Feb 28 - Mar 2 Realtree Pro/Am Ft Benning

Mar 28 - 30 Hoyt Pro/Am Tuscaloosa, AL

Apr 25 - 27 Brunton Southwest Shoot Out Paris, TX

May 30 - Jun 1 TRU Ball & Prime Pro/Am London, KY

Jun 27 - 29 Mathews Solo-Cam Pro/Am Metropolis, IL

Aug 1 - 3 McKenzie ASA Classic Cullman, AL

Daylight Savings - Mar 9th 
Easter - April 20th


----------



## shootist (Aug 28, 2003)

Thanks Tim! I just booked my room for Paris, TX (Quality Inn,$71 per night, refundable of course).


----------



## Luv2shoot3D (Feb 4, 2013)

Hope can shoot all of them in 2014


----------



## skiingcappy (May 17, 2013)

Thanks for the post now I can make plans now.


----------



## candymaker13 (Apr 19, 2011)

Man no more Louisiana , I like that place , can't wait to see what Tuscaloosa will be like, a lot drier I'm sure


----------



## STRICNINE (Oct 22, 2012)

Must be nice to live in Alabama next year...


----------



## Challenger (Nov 4, 2007)

STRICNINE said:


> Must be nice to live in Alabama next year...

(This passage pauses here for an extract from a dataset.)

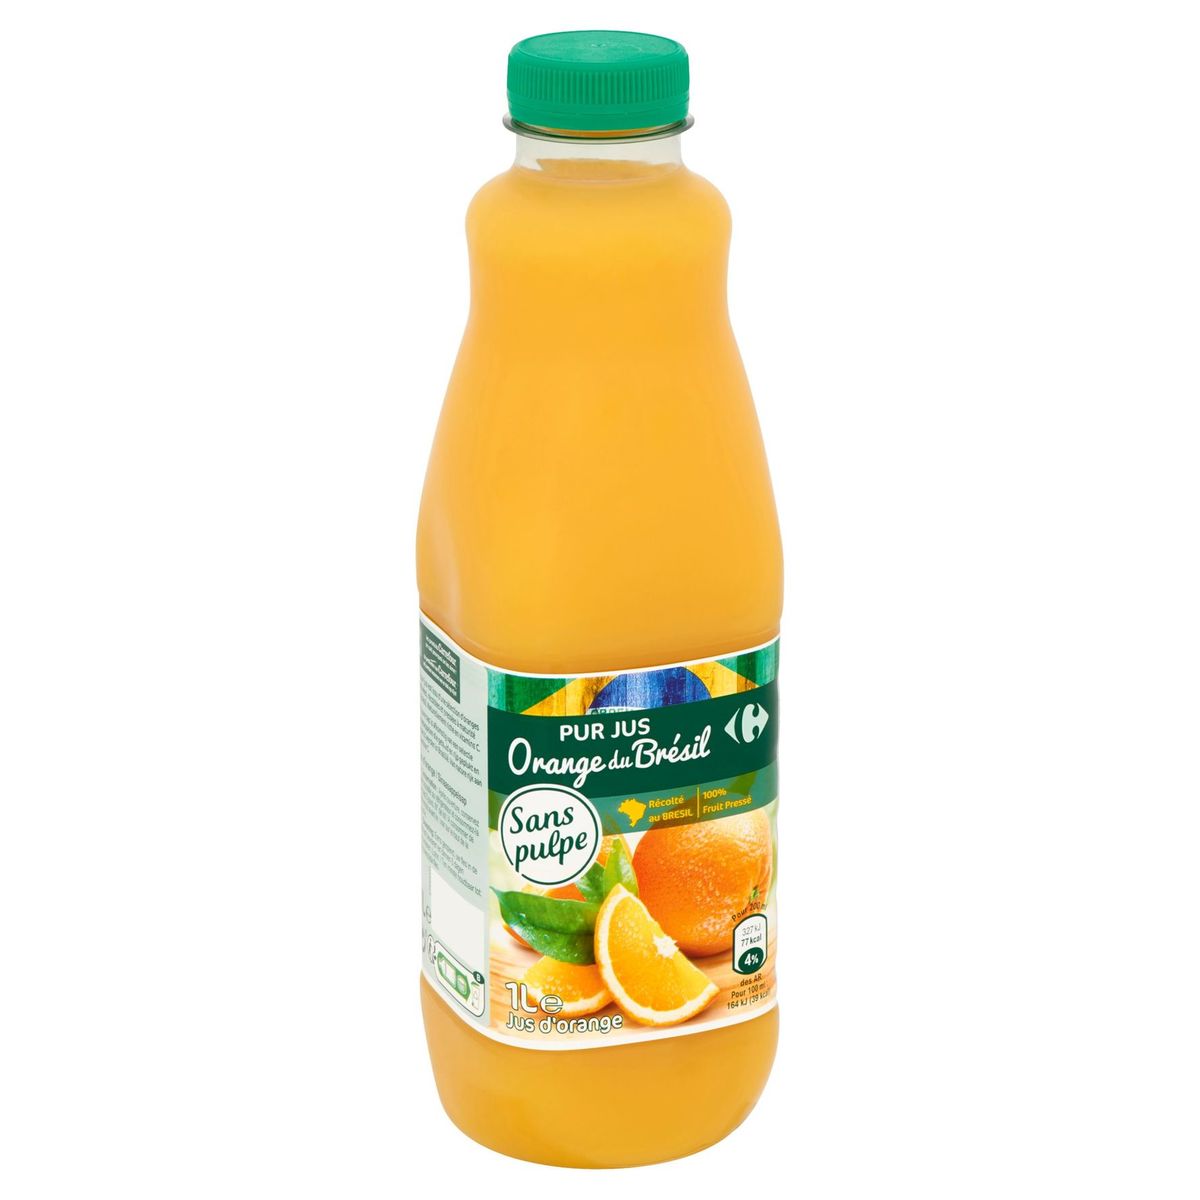 Carrefour Puur Sap Sinaasappel uit Brazilië 1 L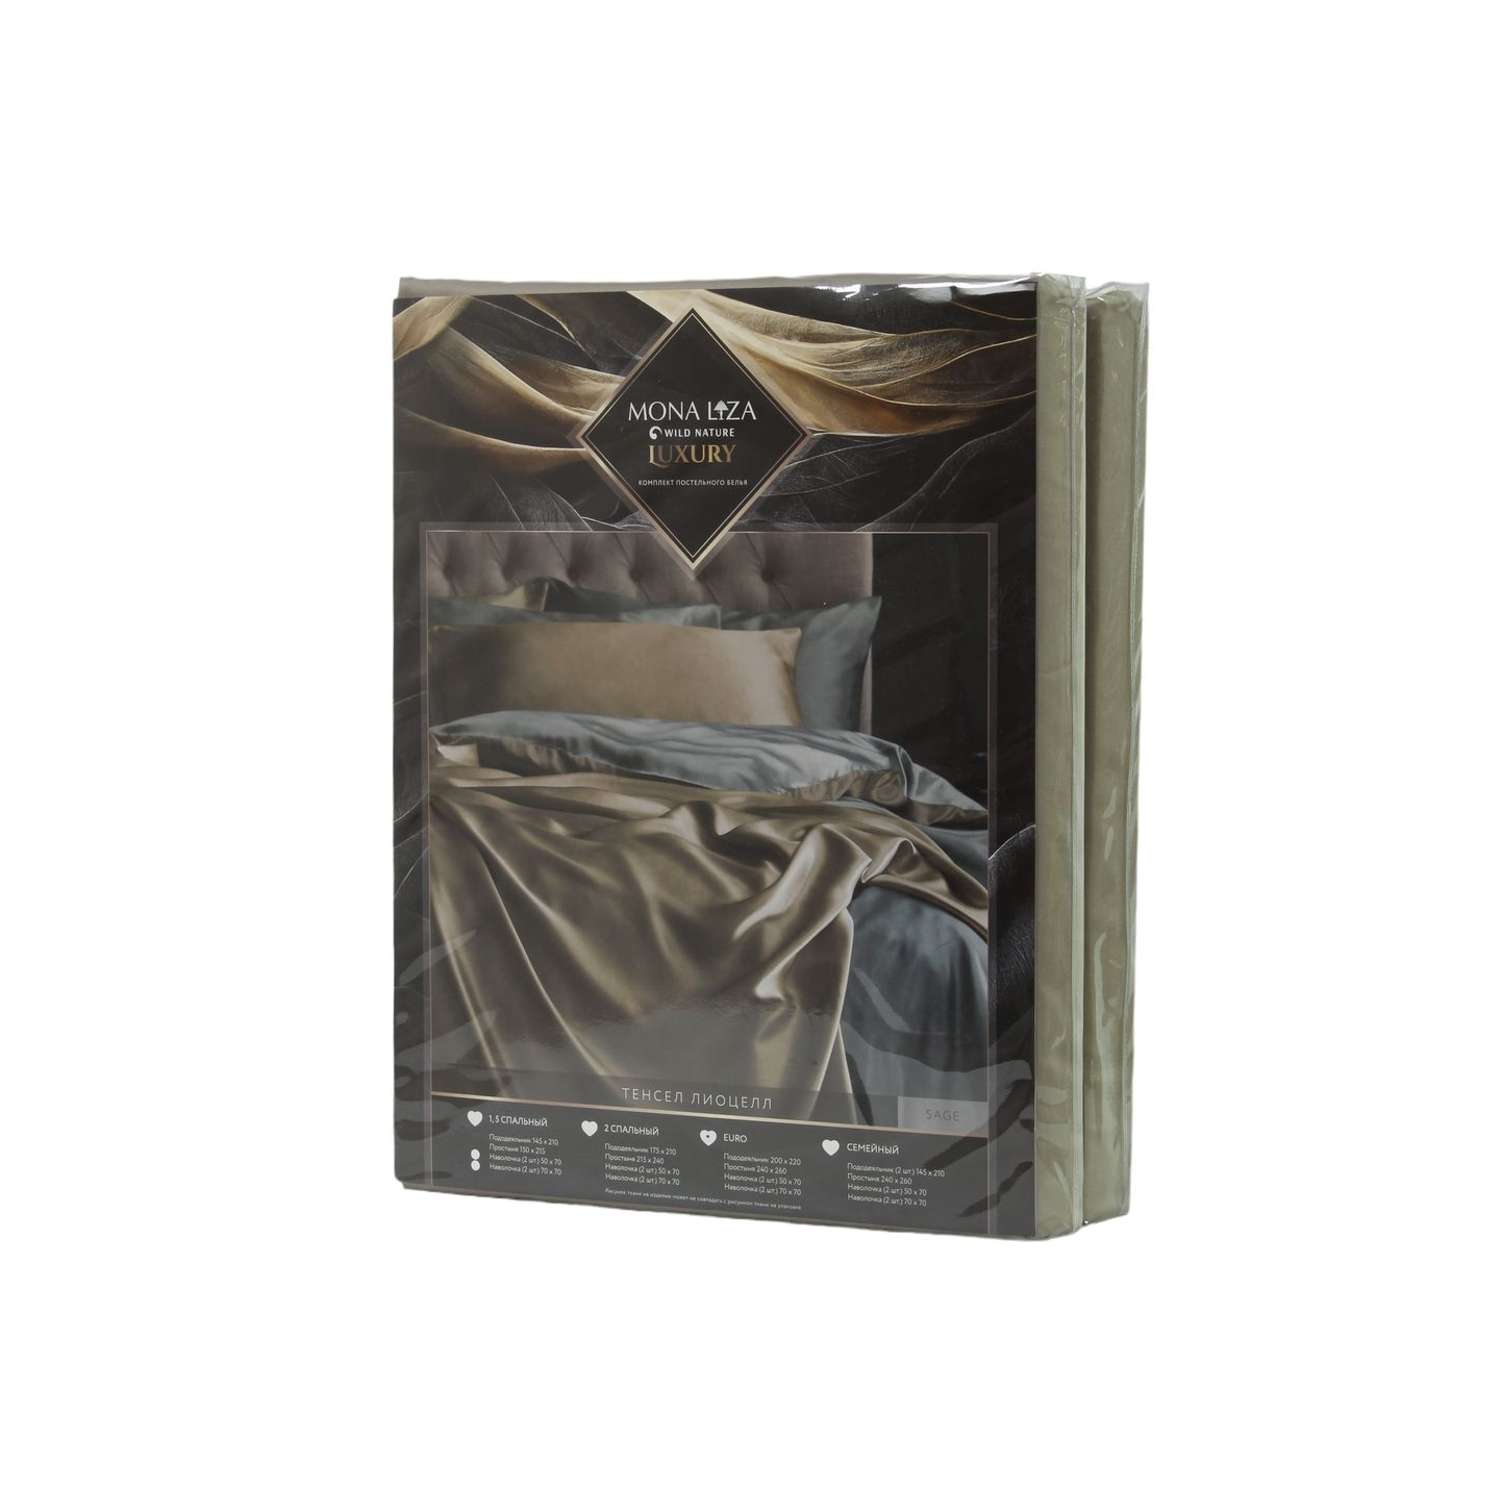 Комплект постельного белья Mona Liza 2 спальный ML Luxury sage тенсель лиоцелл шалфей/камень - фото 6

Must be nice to have one shoot within 750 miles of home :sad:


----------



## okarcher (Jul 21, 2002)

STRICNINE said:


> Must be nice to live in Alabama next year...


Diddo!


----------



## LIMBHANGER 36 (Aug 2, 2004)

3 Alabama shoots?!? Wth?


----------



## n2bows (May 21, 2002)

5 of the 7 shoots within a 4.5 hour drive of my house!!! I love it!!!! And I don't have to go back to lousy-anna, that's a bonus!!


----------



## J Whittington (Nov 13, 2009)

As happy as I am for the closer locations, Its not fair to the ASA members that live West of the Mississippi. I'm sure there are actors in play that we are not aware of that led to the change of locations.


----------



## Outback Man (Nov 21, 2009)

J Whittington said:


> I'm sure there are *actors *in play that we are not aware of that led to the change of locations.


I hate Hollywood...


----------



## P'town Shooter (Dec 30, 2012)

That should open up the area for Regions.


----------



## J Whittington (Nov 13, 2009)

LOL factors, not actors,


----------



## hornetfan63 (Apr 15, 2013)

where is the Tuscaloosa site at?


----------



## williejr (Jul 28, 2008)

That hurts us mid-missouri boys but we'll see ya that


----------



## tmorelli (Jul 31, 2005)

williejr said:


> That hurts us mid-missouri boys but we'll see ya that


And KS, OK, TX, AR, and LA......

Sent from my DROID RAZR using Tapatalk 2


----------



## Daniel Boone (May 31, 2002)

tmorelli said:


> And KS, OK, TX, AR, and LA......
> 
> Sent from my DROID RAZR using Tapatalk 2



Looks like Paris (posiable Metropolis) only for me next year. Sure hope Regions realizes the need for pro ams in the mid west.
DB


----------



## 918hoytman918 (Jan 20, 2012)

Daniel Boone said:


> Looks like Paris (posiable Metropolis) only for me next year. Sure hope Regions realizes the need for pro ams in the mid west.
> DB


Same for me Dan.


----------



## OT3D (Jul 15, 2008)

This schedule makes it more convenient for the ASA staff since it moves to a site closer to Atlanta. I'm not sure it is going to help ASA, however.


----------



## Jame (Feb 16, 2003)

Illinois, culman, and Tuscaloosa are about the same distance Dan I believe.


----------



## thebeav (Jul 1, 2005)

I don't feel sorry for any of you what about us out here In the west lol. Why not do a western tour and have a big shoot at the end of the year with the east and west. Maybe see some new faces in the winners circle.


----------



## Kstigall (Feb 24, 2004)

williejr said:


> That hurts us mid-missouri boys but we'll see ya that





tmorelli said:


> And KS, OK, TX, AR, and LA......
> 
> Sent from my DROID RAZR using Tapatalk 2


Stop 'yo whining!
You guys have it good traveling out of central Arkansas or central Missouri!!................ Newberry, FL is a LLLLOOOONNNGGGG ways from anywhere!!!!!!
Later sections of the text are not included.